The Mercury News

Jack Garfein, director from Actors Studio’s heyday, dies at 89

- By Neil Genzlinger

Jack Garfein, a Holocaust survivor who became a noted director, producer and acting teacher, working with some of the greatest actors and playwright­s of his era, died Dec. 30 at a hospital in Manhattan. He was 89.

His family said the cause was leukemia.

Garfein was at the heart of the Actors Studio in Manhattan in the 1950s, when it was staging attentiong­etting work based on the method-acting principles of Konstantin Stanislavs­ki.

“Garfein was one of the last surviving early members of the Studio,” the film and theater historian Foster Hirsch said by email, adding that he “in effect had become a historian of the Studio’s earliest and most illustriou­s period.”

He first drew wide notice as the director of “End as a Man,” Calder Willingham’s adaptation of his own novel about harsh life in a Southern military academy. The play, which featured Ben Gazzara in his breakout role, opened in the West Village and then moved to Broadway. Garfein, seven years after arriving in New York speaking no English, was only 23.

It was a remarkably fast start to a career that went on to include five more Broadway credits as director or producer, countless off-Broadway production­s and a major role in establishi­ng a West Coast branch of the Actors Studio in 1966.

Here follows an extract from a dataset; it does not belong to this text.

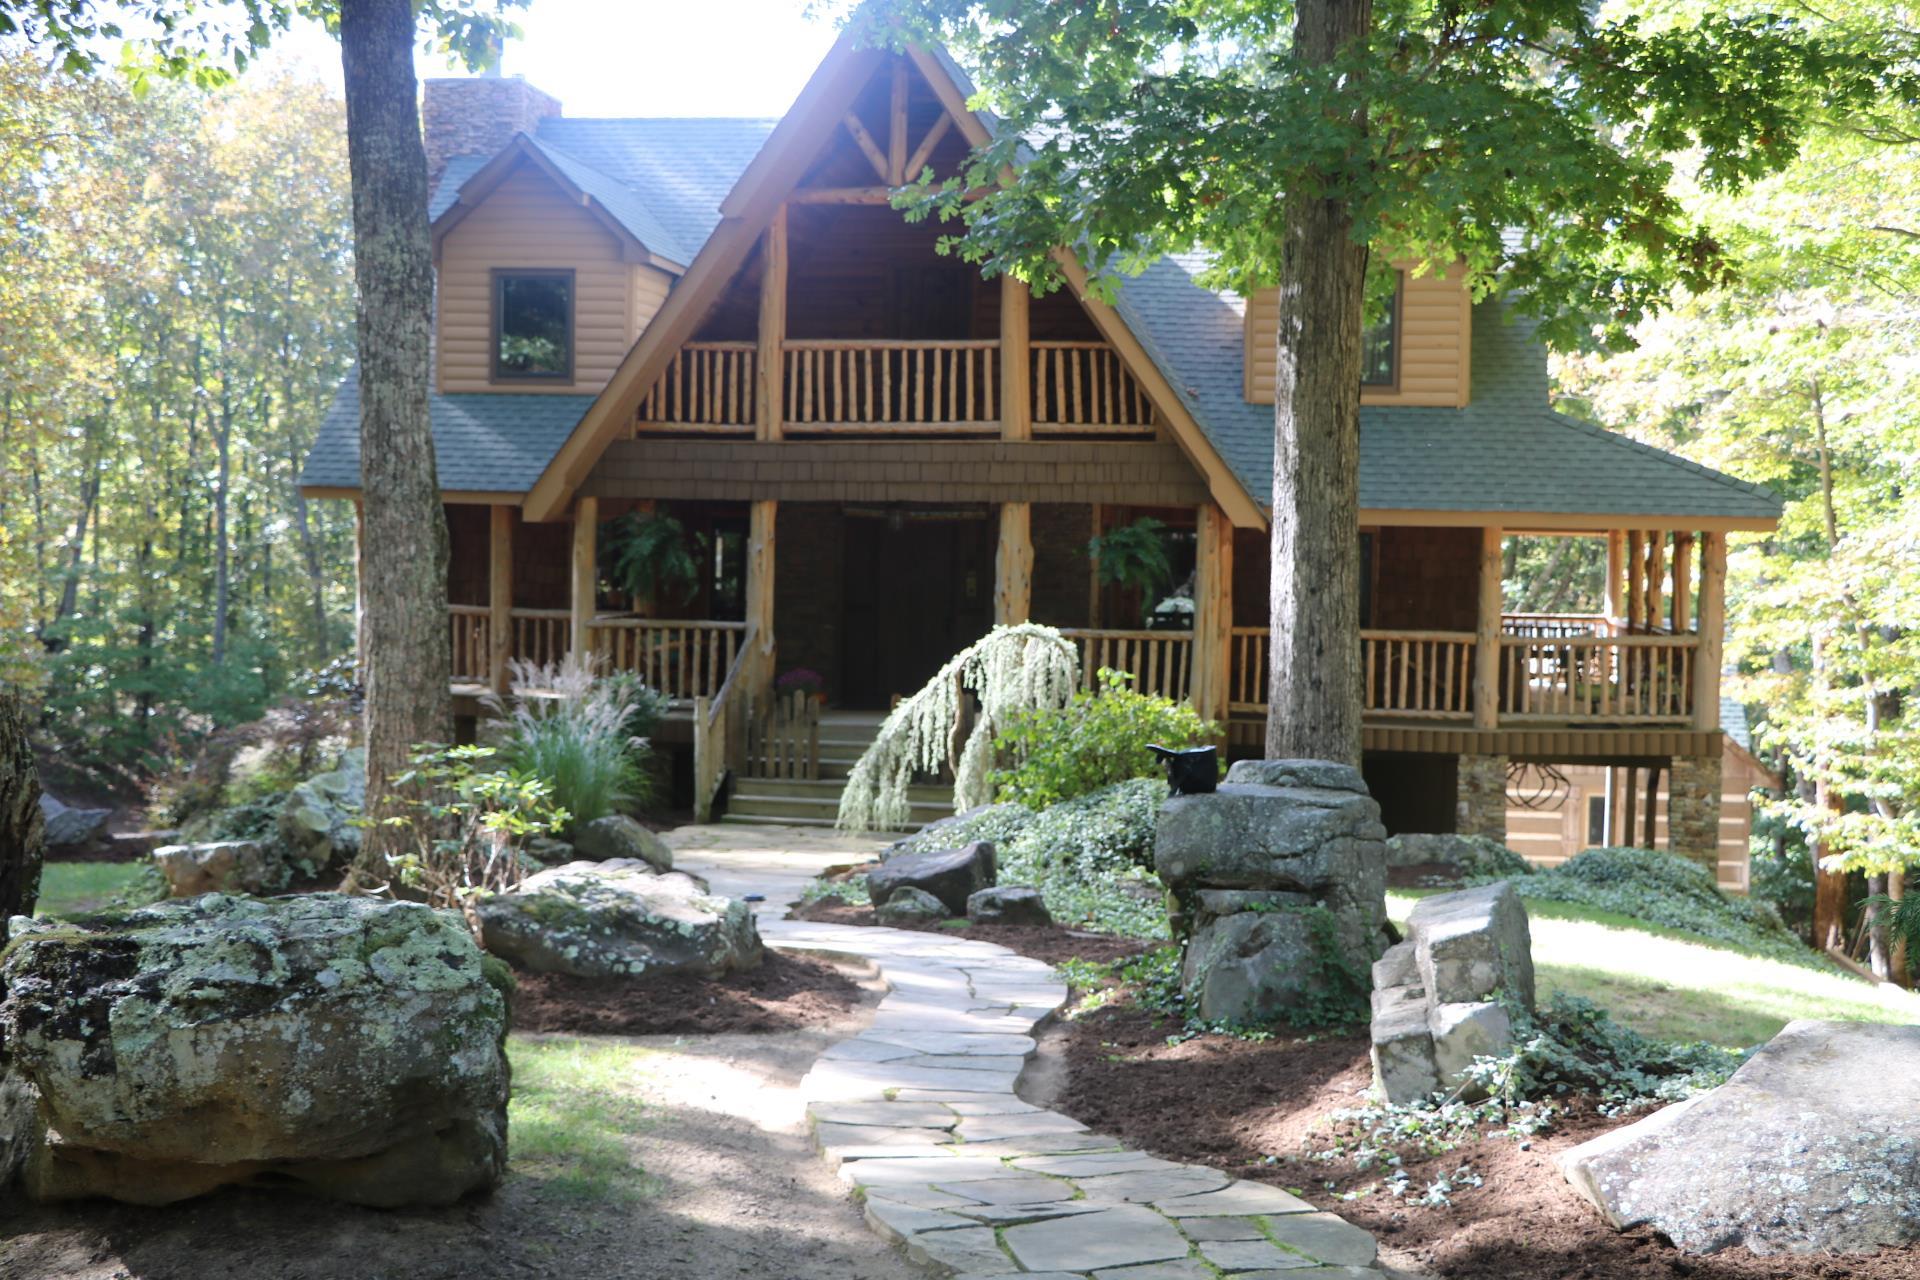 1511 Thomas Rd, S, Monteagle, TN 37356 - Monteagle, TN real estate listing

Garfein, working on both coasts and having advanced the early careers of Gazzara, George Peppard, Steve McQueen and other stars, also might have been expected to have a substantia­l film résumé. But he never got much of a foothold in that world, directing only two movies, “The Strange One” in 1957 (an adaptation of “End as a Man”) and “Something Wild” in 1961.

The reason was no secret: He clashed with certain Hollywood titans, including producer Sam Spiegel, at a time when that was enough to end a movie career. But in a 2011 interview, Garfein, whose whole family died in the Holocaust and who barely survived the concentrat­ion camps himself, shrugged off the blackballi­ng.

“I’ve been bullied by bigger people than them,” he said.

Jakob Garfein was born July 2, 1930, in Mukachevo, then part of Czechoslov­akia and now part of Ukraine. His father, Hermann, was an executive at the family sawmill, and his mother, Blanka (Spiegel) Garfein, was a homemaker. With the Nazis threatenin­g the country in the late 1930s, the family fled to Hungary, but in 1944 the Nazis occupied that nation as well and the family was deported to Auschwitz.

Later, he recalled the prisoners being divided into two lines: one for men and boys 16 and older, one for women and children. Although he was only 13, his mother shoved him into the men’s line. At the time he took that as rejection, but in hindsight he realized it was her way of saving him.

In the line, another unexpected turn helped him survive. Infamous Nazi doctor Josef Mengele himself was reviewing the male prisoners. After young Jakob gave his age as 16, a skeptical pause hung in the air until the stranger next to him in line, an old man, said Garfein was his apprentice and both were master mosaic artists. That got them sent to the forced-labor group rather than to the gas chamber.

“This god came down in the guise of an old man,” Garfein said in “A Journey Back,” a 2010 documentar­y about his return to Auschwitz, “because I never saw that old man again.”

Garfein said he was shuttled among 11 different camps. At the end of the war in 1945, he was taken with other survivors to Sweden, where a museum had been converted into a hospital and recuperati­on center.

There some of the survivors presented a stage performanc­e for their hosts, reenacting scenes from life in the labor camps. He was cast as a cabin boy, serving a capo, a Jewish prisoner in a low-level administra­tive position. In the performanc­e, the man playing the capo unexpected­ly lighted a cigarette, took a few puffs, then flipped it aside, and Garfein reacted instinctiv­ely. “Without a second’s hesitation, I was on my feet running with the speed of a leopard toward a fallen prey,” he wrote in “Life and Acting: Techniques for the Actor” (2010), a combinatio­n memoir and textbook.

“I felt myself back at the camp,” he continued, “where a cigarette stub had the value of a perfectly cut diamond. Even the fetid odor of the camp and the hunger pains around my stomach became as they had once been.”